SUPPLIED DATA -
★ ★ ★ ★
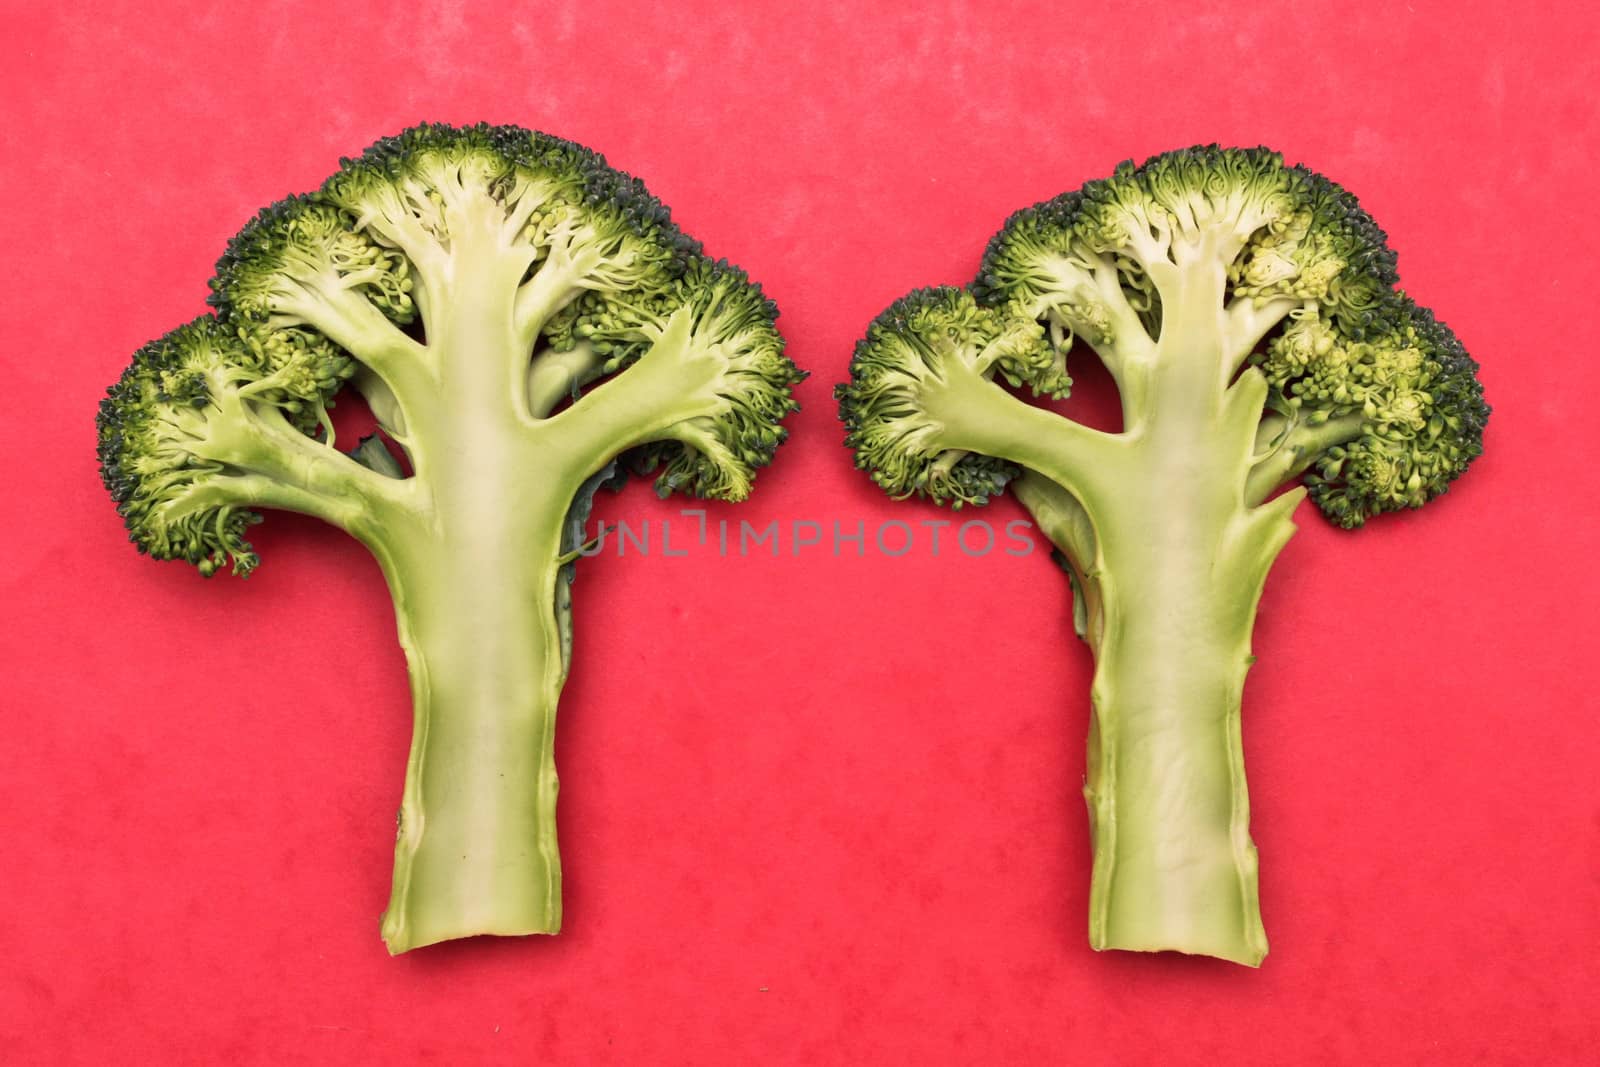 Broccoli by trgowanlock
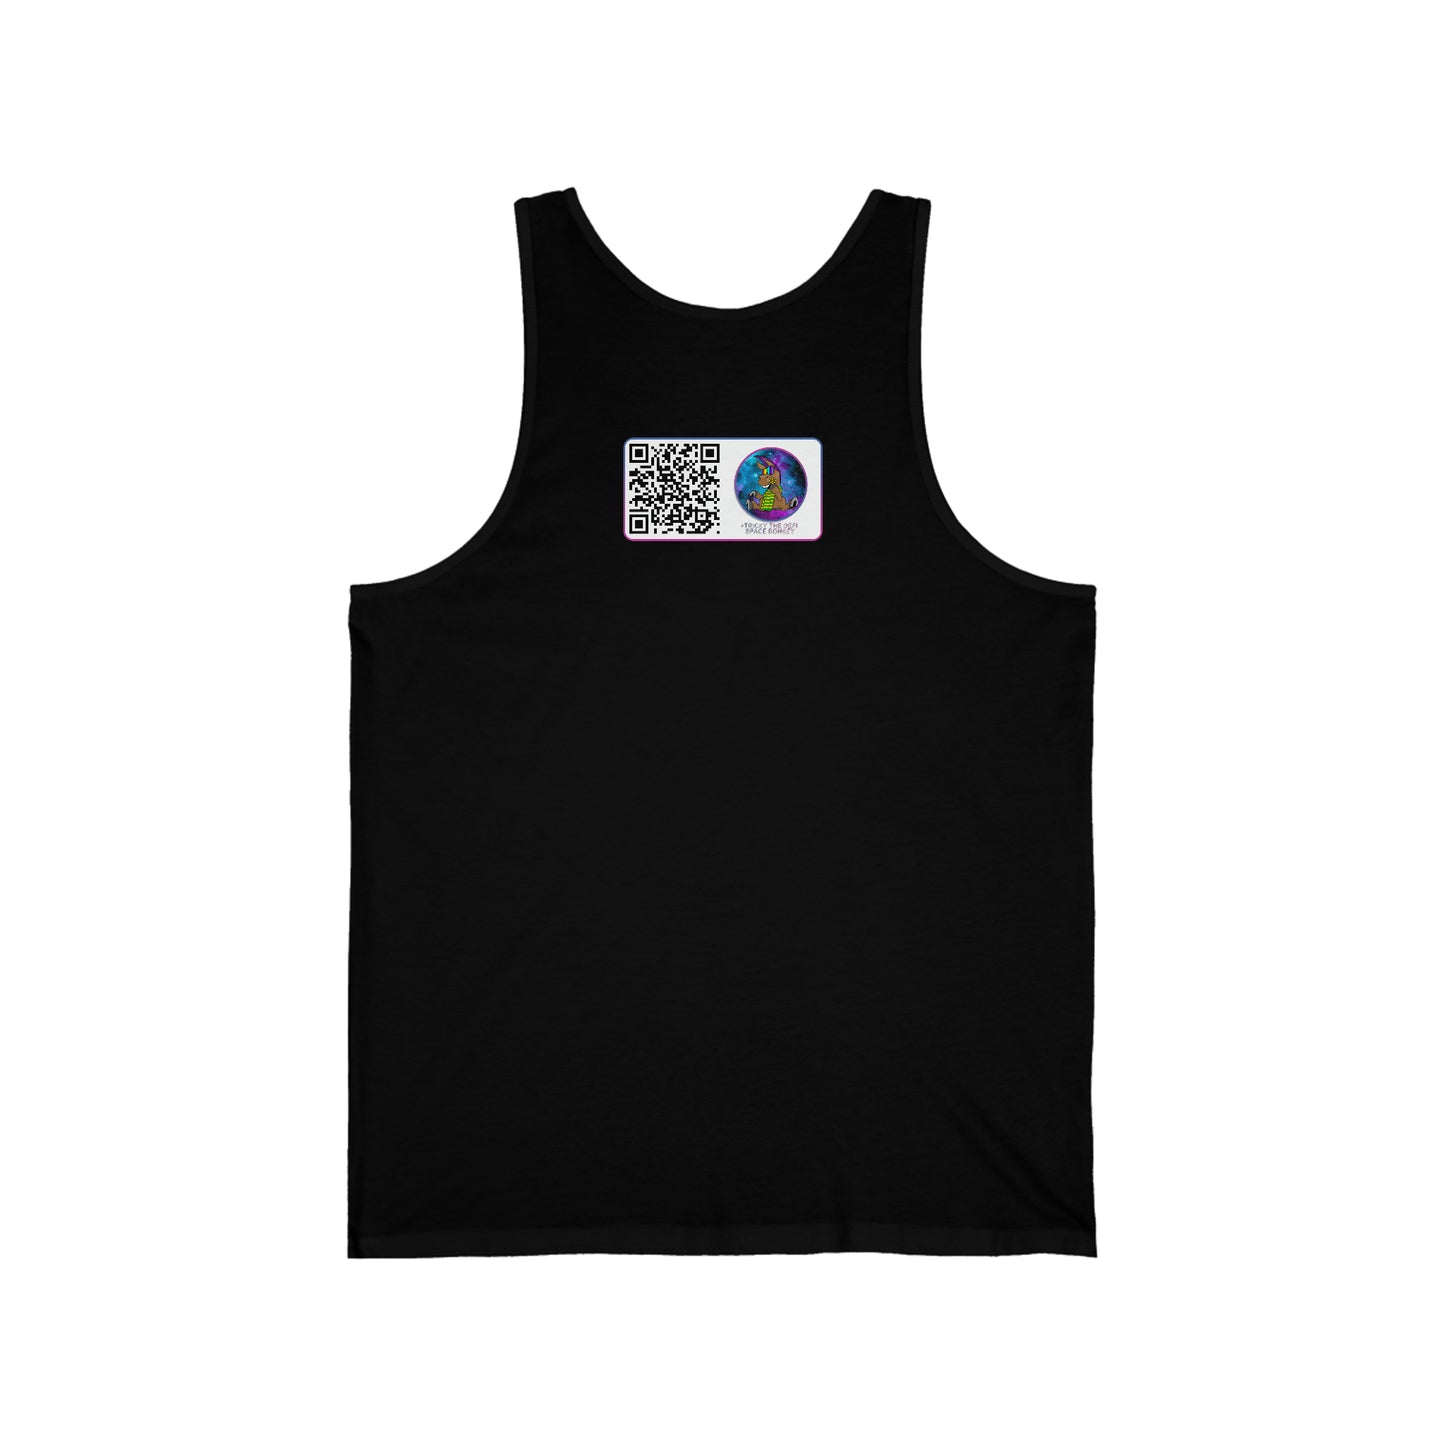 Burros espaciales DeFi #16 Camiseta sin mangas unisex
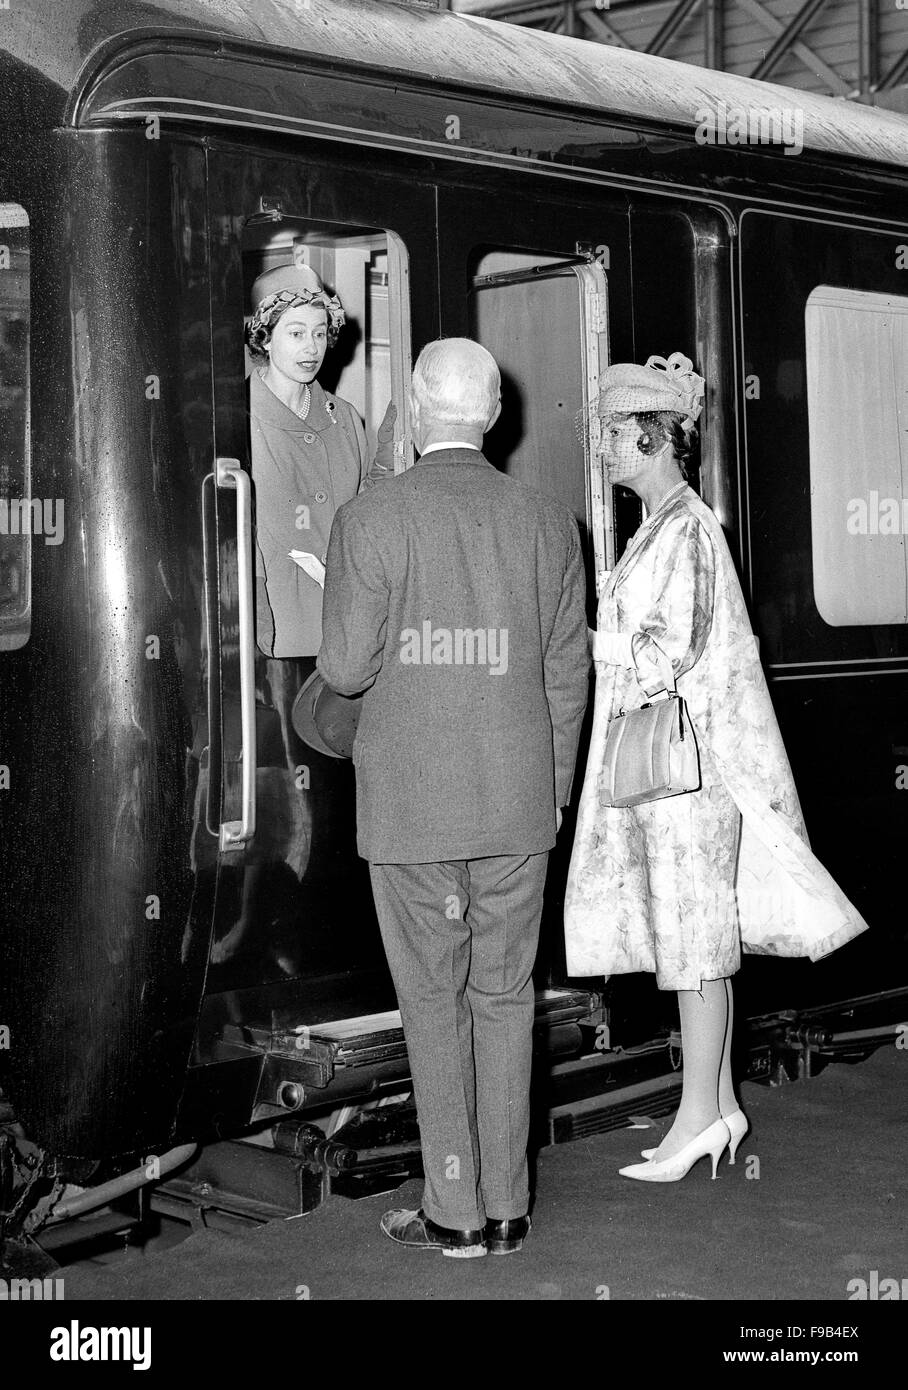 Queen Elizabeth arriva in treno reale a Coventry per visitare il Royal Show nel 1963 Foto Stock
★ ★ ★ ★
ABOUT THIS TASK - Every line between the one containing "Burros espaciales DeFi" and the last line of the data above, both included, should be copied exactly, but not the pictures.

SOLUTION -
 Burros espaciales DeFi #16 Camiseta sin mangas unisex
 Queen Elizabeth arriva in treno reale a Coventry per visitare il Royal Show nel 1963 Foto Stock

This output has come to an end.